How do I create a custom regex for medical record numbers?

To create a custom regex for Medical Record Numbers (MRNs), you need to define a Custom Data Type in the Spirion Console.

Because MRN formats vary significantly between healthcare providers (for example, Epic vs. Cerner vs. legacy systems), a custom RegEx is the most accurate way to detect them.

Step 1: Define the Pattern

First, identify the exact structure of your MRNs.

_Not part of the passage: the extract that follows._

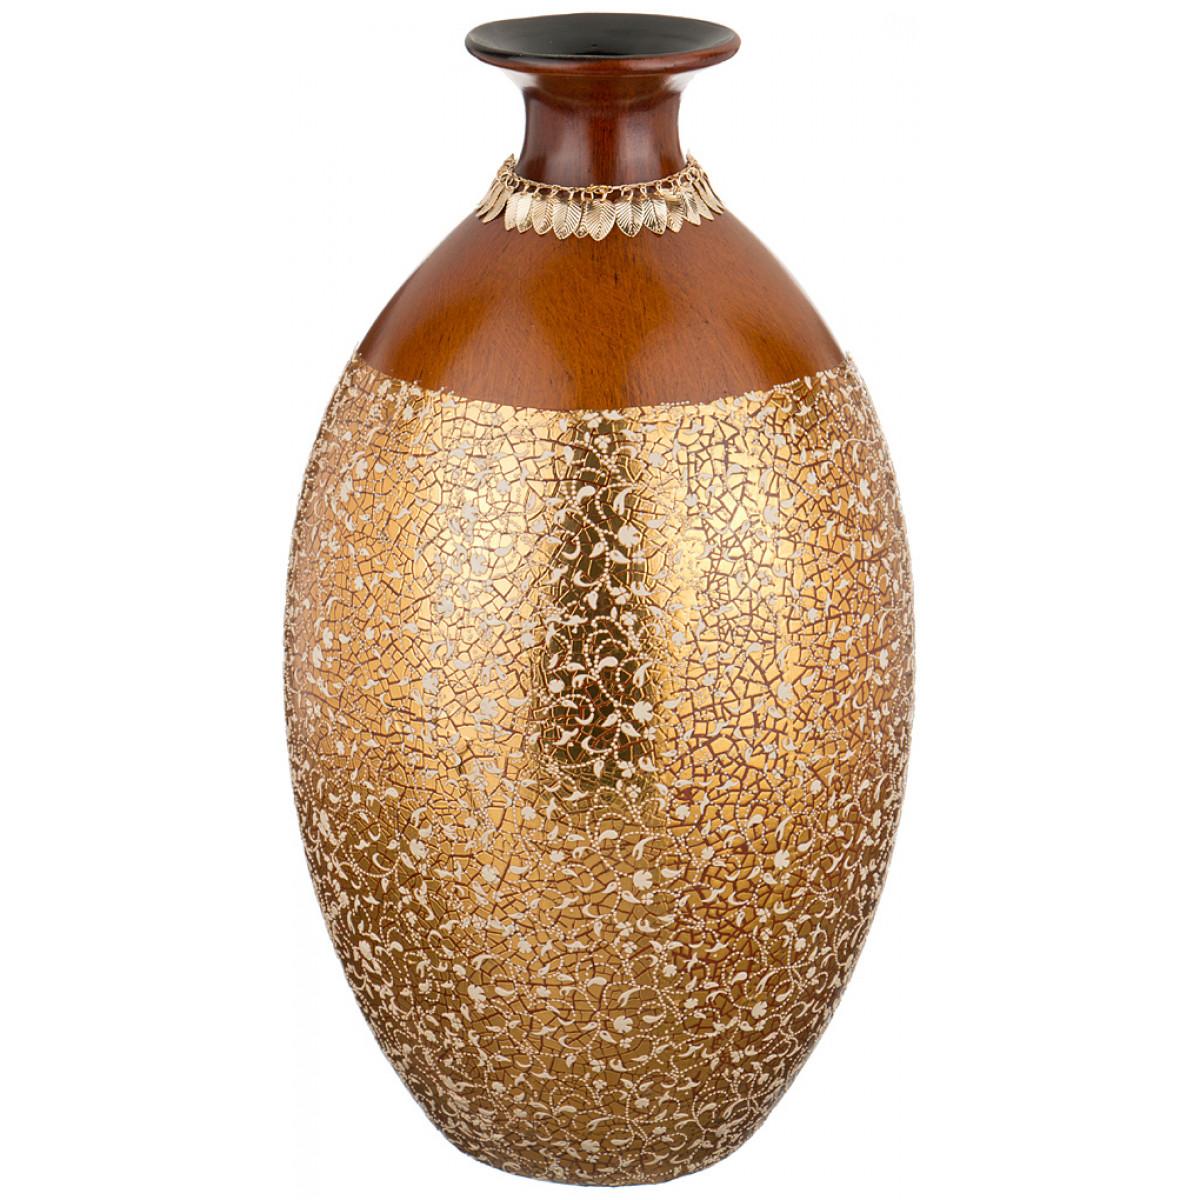 Вазы Lefard Ваза Corliss (23х42 см) lefard ваза adria 27х30 см

  • Example A (Simple Numeric): 12345678 (8 digits)
    • Regex: \b\d{8}\b
  • Example B (Alphanumeric with Prefix): MRN-12345
    • Regex: \bMRN-\d{5}\b
  • Example C (Complex): AB-123-45
    • Regex: \b[A-Z]{2}-\d{3}-\d{2}\b

Step 2: Create the Custom Data Type in the Console

Procedure:

  1. From the left-side navigation menu navigate to Settings > Global Data Types > CUSTOM DATA TYPES tab.
  2. Click Actions > Add Custom Data Type.
  3. Select Regular Expression from the drop-down menu.
  4. Name: Give it a clear name like Custom MRN - [Hospital Name].
  5. Regex Pattern: Enter your pattern (for example, \b\d{8}\b).
    • Tip: Always use \b (word boundaries) at the start and end to prevent matching a 8-digit string that is actually part of a longer number (like a phone number).
  6. Validation (Optional but Recommended):
    • If your MRN has a checksum, you can use a SearchAPI script for advanced validation.
    • Otherwise, rely on Keywords (see Step 3).

Step 3: Add Context with Keywords (Reduce False Positives)

A 8-digit number regex will match everything—dates, serial numbers, and parts of zip codes. You must add keywords to ensure accuracy.

  1. In the same Custom Data Type definition, look for the Keywords section.
  2. Add terms such as the following: MRN, Medical Record, Patient ID, Patient Number, Chart Number.
  3. Set the Proximity: Require one of these keywords to be within 50 to 100 characters of the RegEx match.

Step 4: Test and Deploy

  1. Test: Use the "Test Regex" tool in the console (if available) or run a scan against a single test file containing known MRNs.
  2. Add to Policy: Go to your Scan Policy, navigate to Sensitive Data Types, and check the box for your new Custom MRN type.
  3. Run Scan: Execute the scan and review the Match Evidence to ensure it is picking up the MRNs correctly without too much noise.


Best Practice: The "SDD" Upgrade

Once your regex is working, wrap it in a Sensitive Data Definition (SDD).

  • Create a Sensitive Data Definition called "Confirmed PHI".
  • Logic: (Custom MRN Regex) NEAR (Patient Name AnyFind).
  • Why: This ensures that you only alert on files where an MRN is actually associated with a person, which is the true definition of PHI under HIPAA.

Summary

Use a Custom Regex Data Type with word boundaries (\b), add Keywords for context, and eventually combine it with AnyFinds in a Sensitive Data Definition for the highest possible accuracy.